▶ [AIM OF THE EXERCISE]:
Please repeat the whole listing exactly, but leave out any picture it holds.

▶ [INFORMATION SHOWN]:
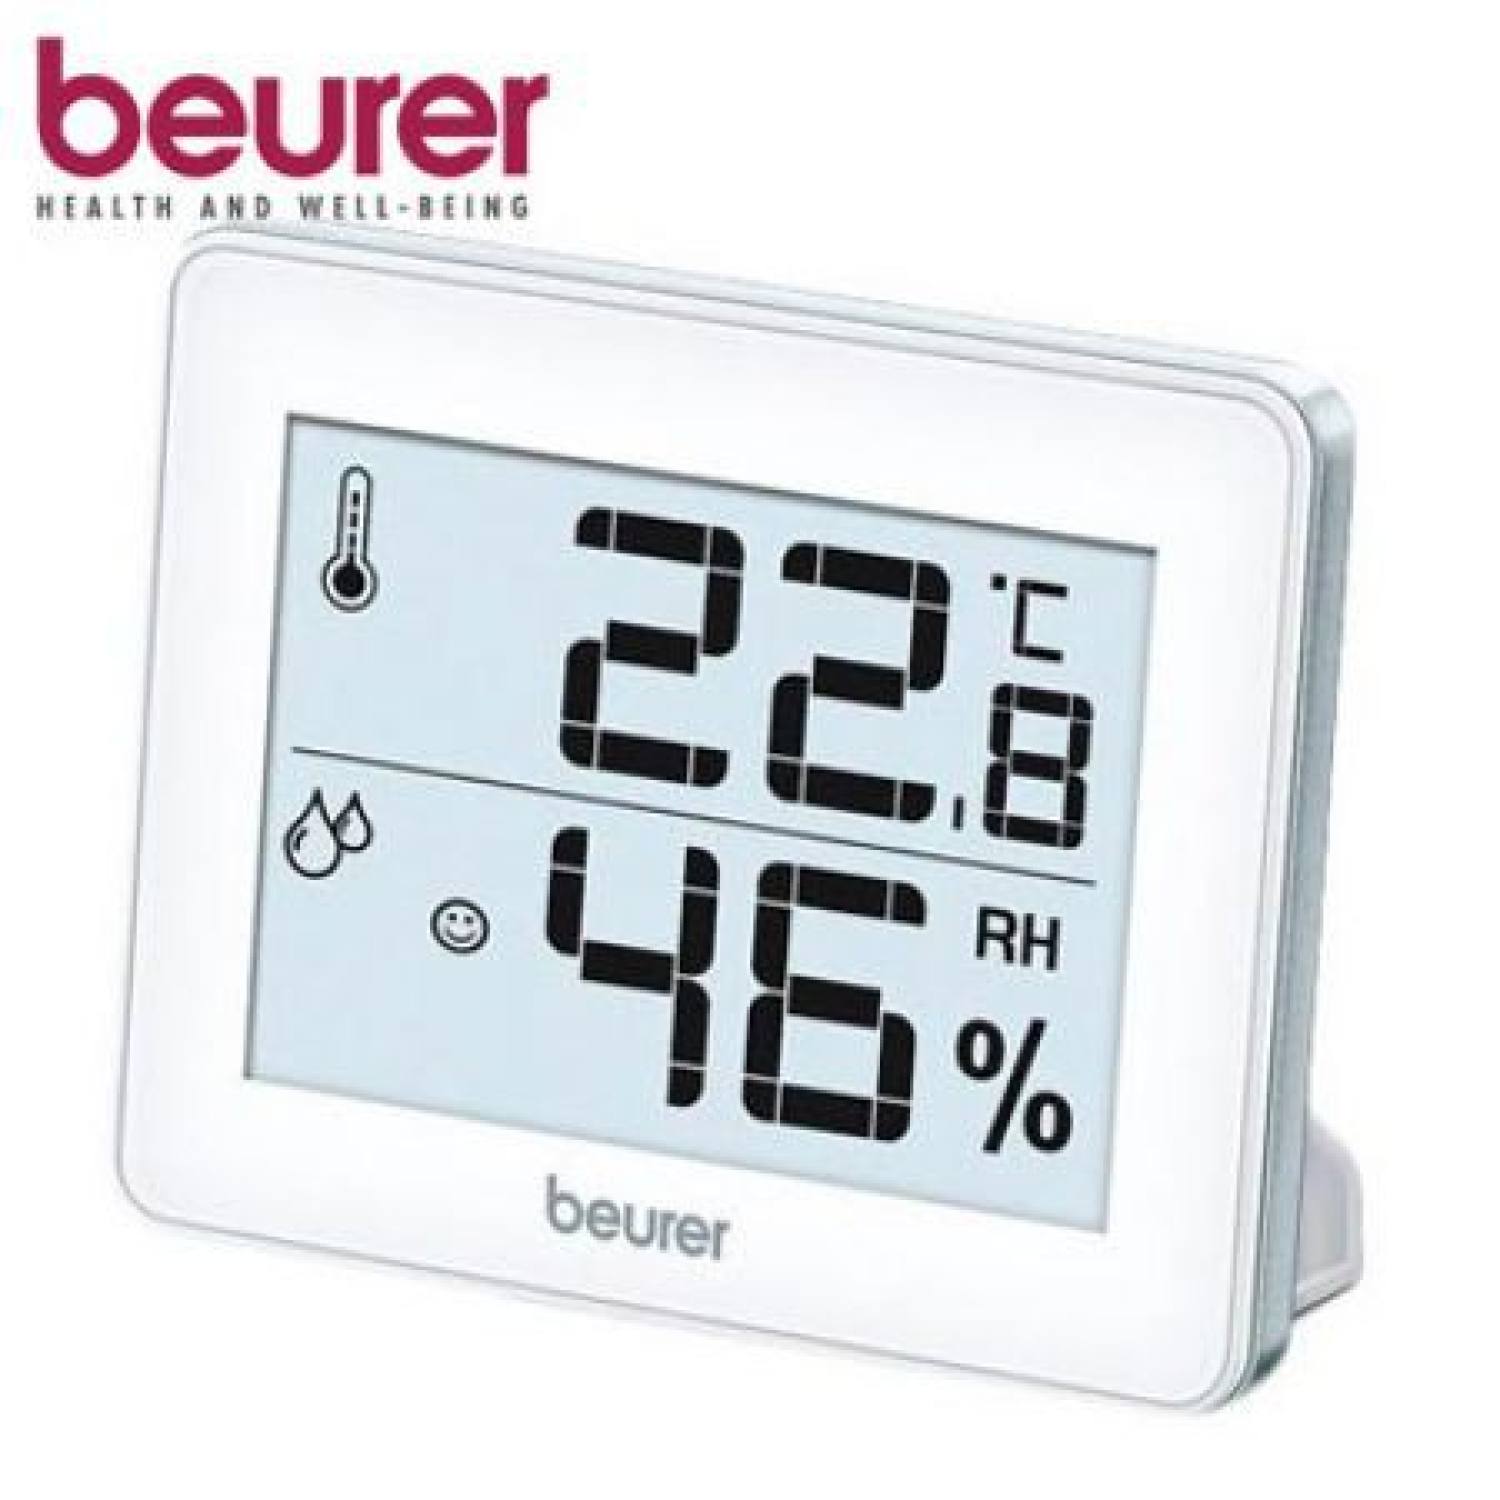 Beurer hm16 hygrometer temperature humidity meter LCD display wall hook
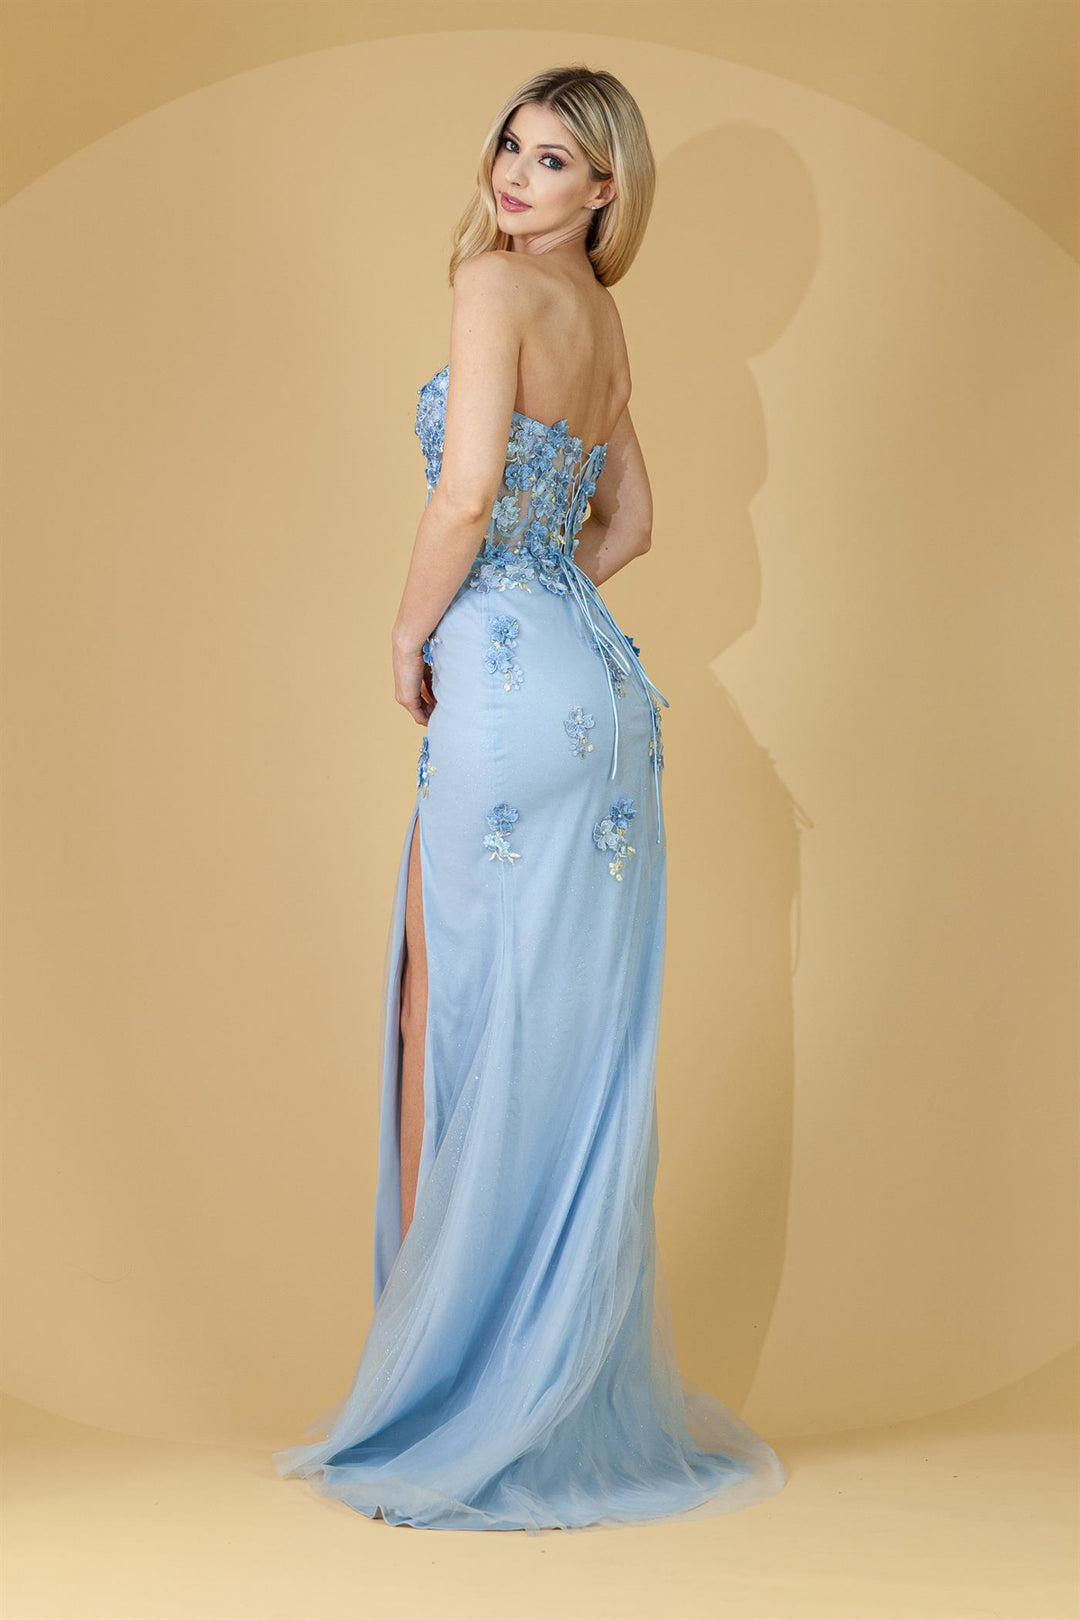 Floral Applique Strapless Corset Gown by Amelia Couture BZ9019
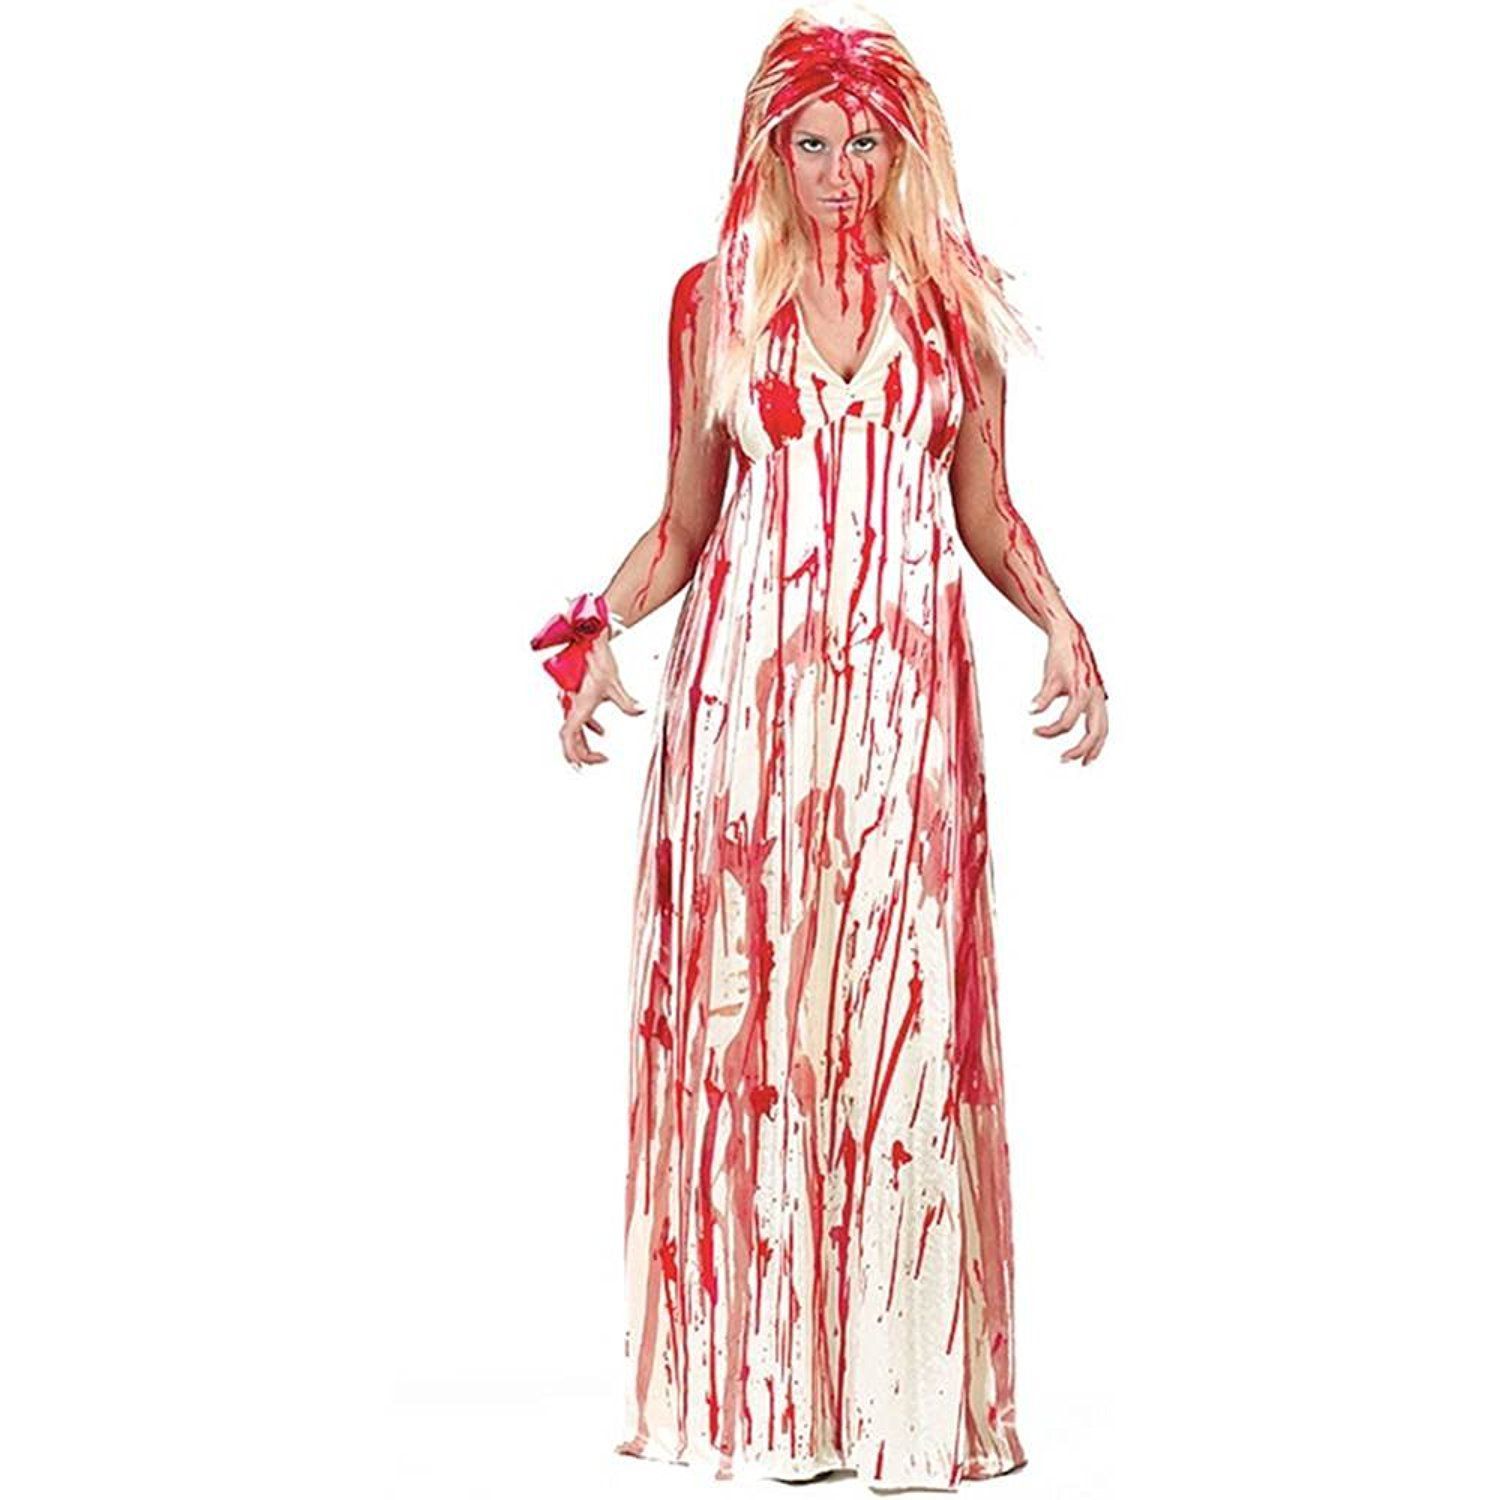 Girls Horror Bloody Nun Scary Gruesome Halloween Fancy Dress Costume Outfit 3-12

▶ [EXERCISE OUTPUT]:
 Beurer hm16 hygrometer temperature humidity meter LCD display wall hook
 Floral Applique Strapless Corset Gown by Amelia Couture BZ9019
 Girls Horror Bloody Nun Scary Gruesome Halloween Fancy Dress Costume Outfit 3-12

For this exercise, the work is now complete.